-- Available data follows --

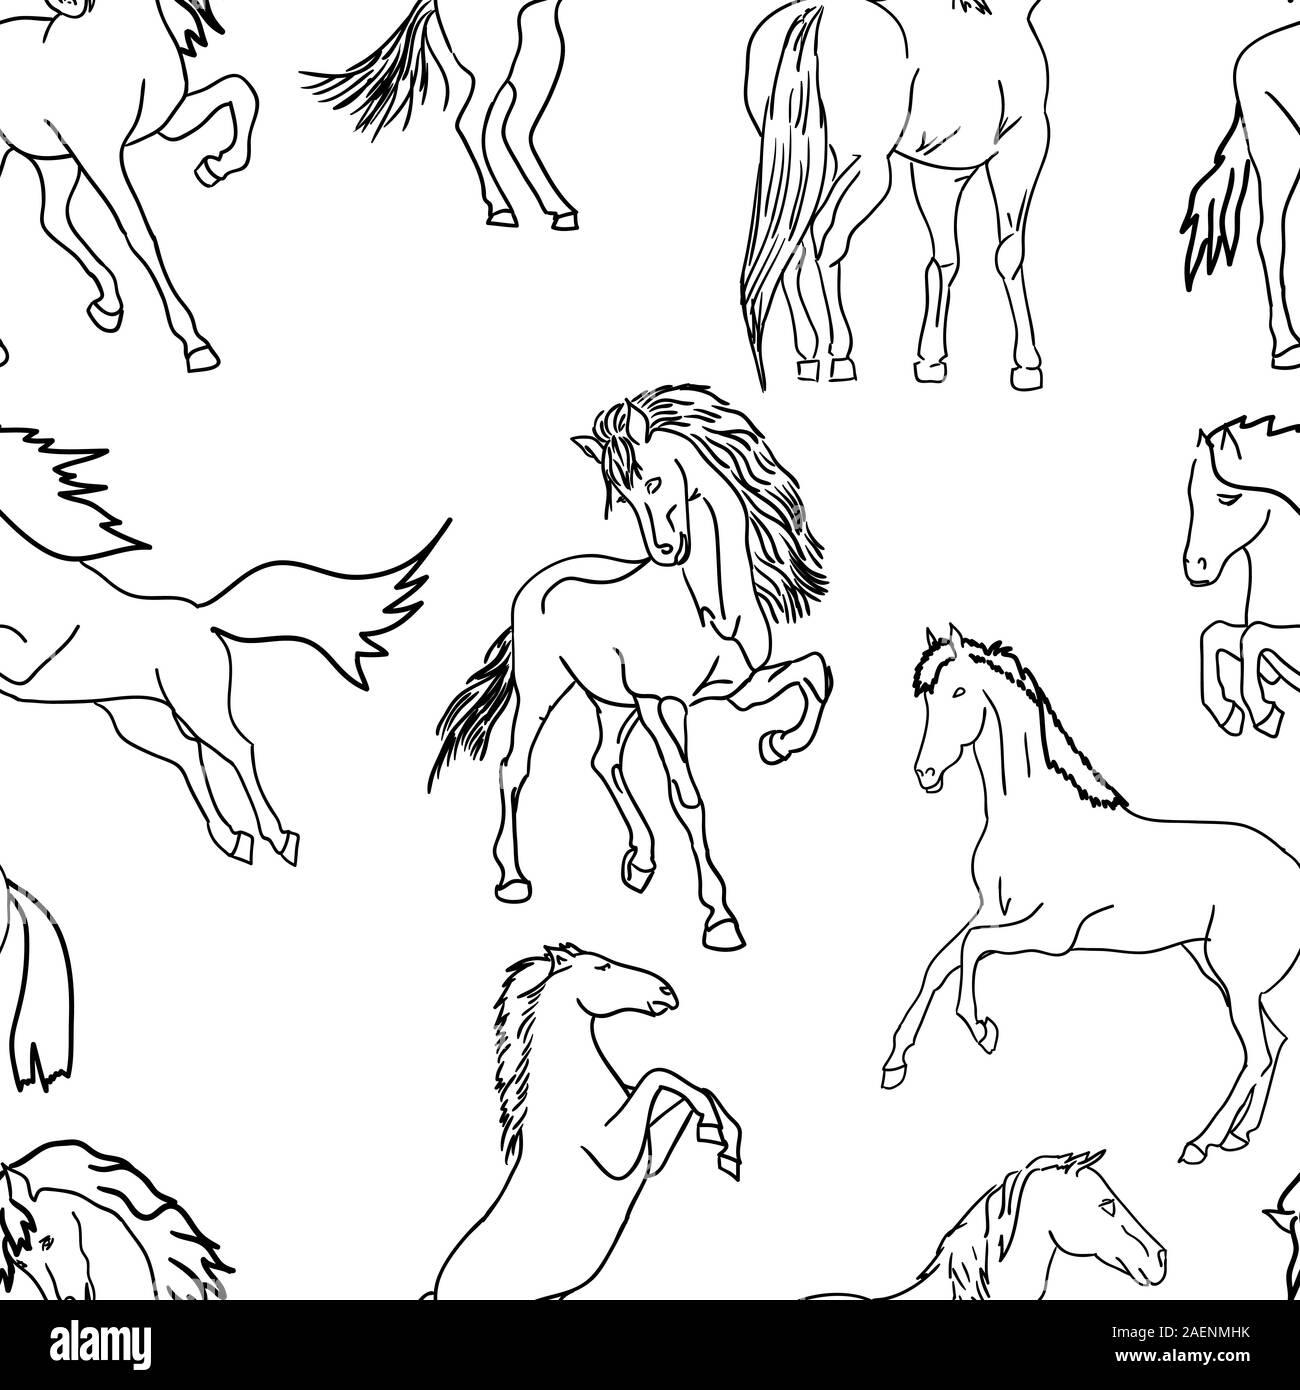 Seamless Wallpaper Horses Vector Illustration Stock Vector Image Art Alamy
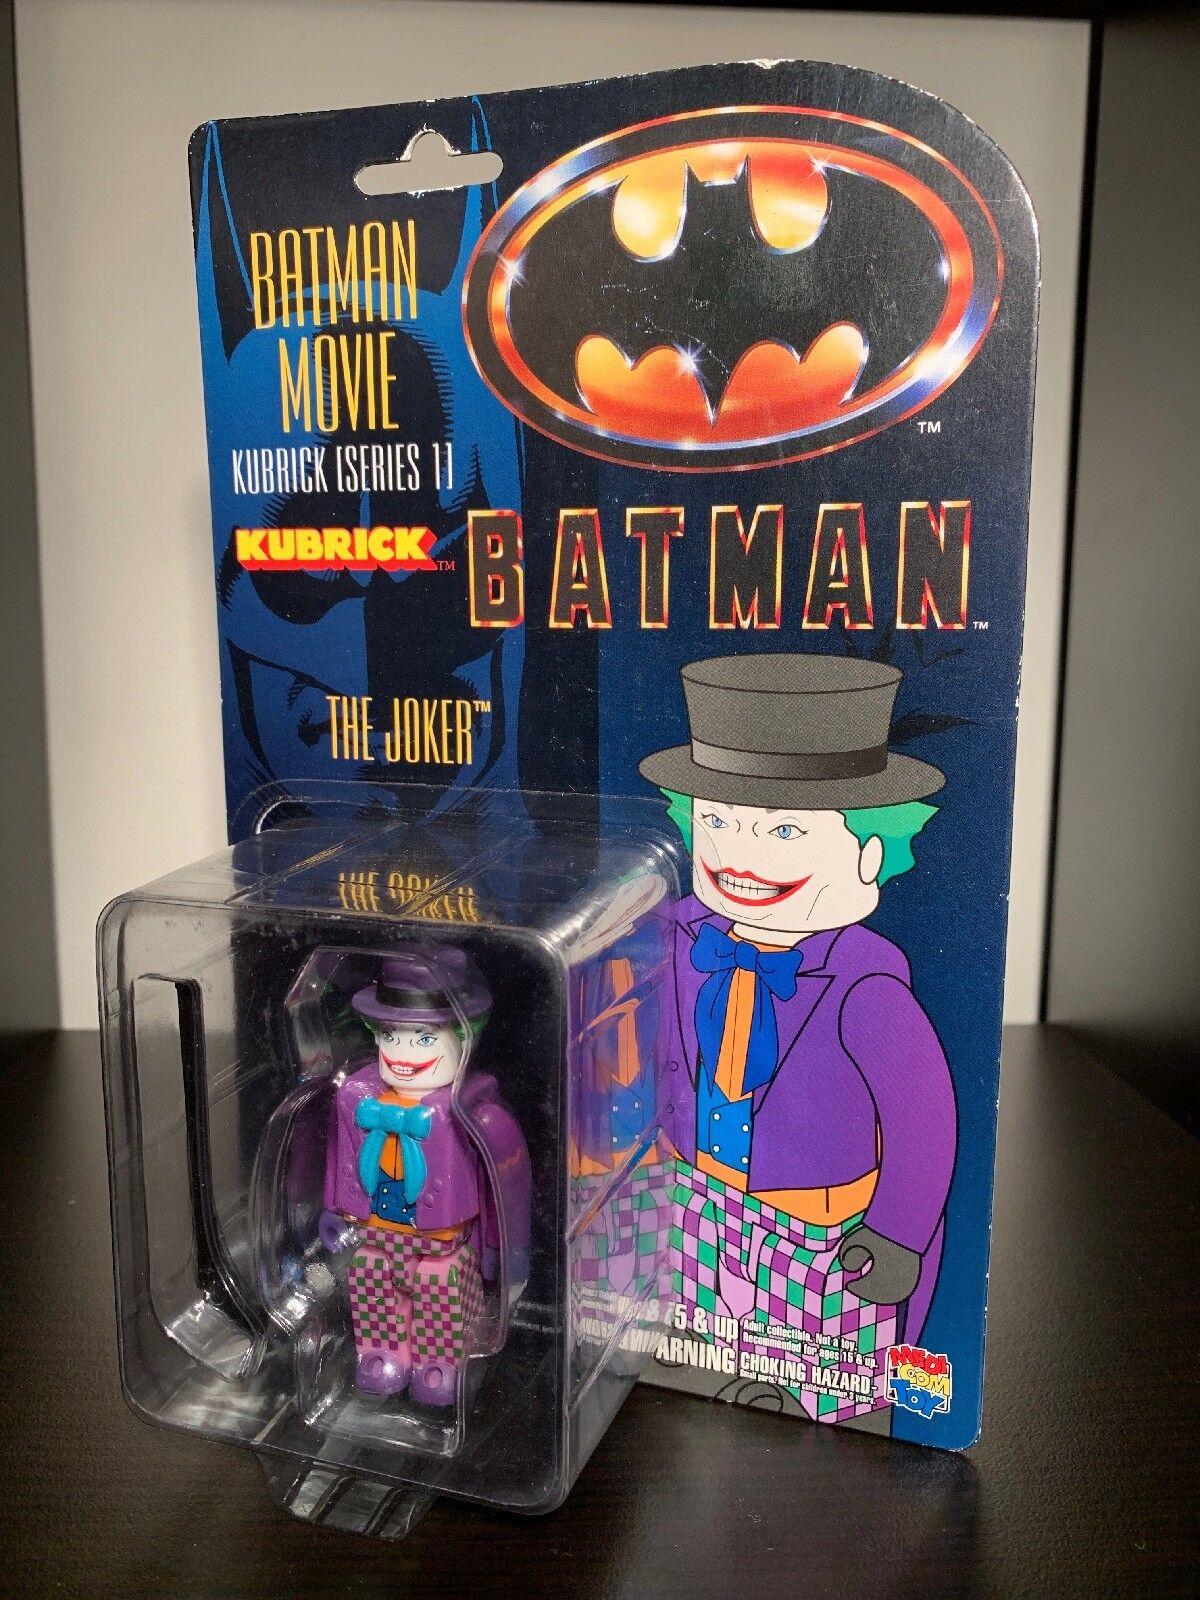 The Joker Medicom Toy Kubrick Batman 1989 Movie Gotham Knights Series DC Comics
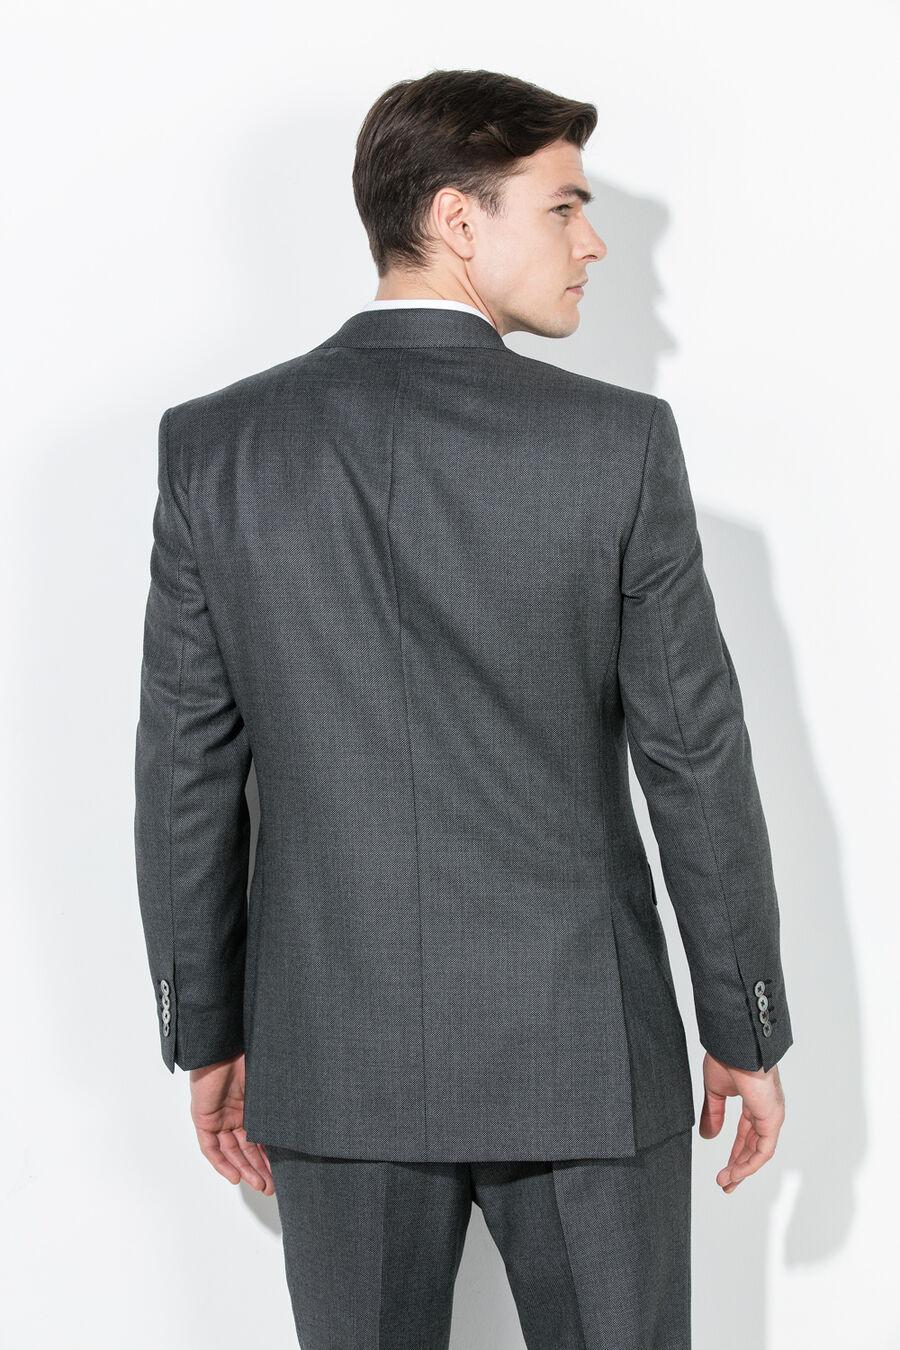 Classic birdseye suit

-- Available data concluded --

Type out the data above once more, exactly, with no images included.

■ The completed task ■
 Seamless Wallpaper Horses Vector Illustration Stock Vector Image Art Alamy
 The Joker Medicom Toy Kubrick Batman 1989 Movie Gotham Knights Series DC Comics
 Classic birdseye suit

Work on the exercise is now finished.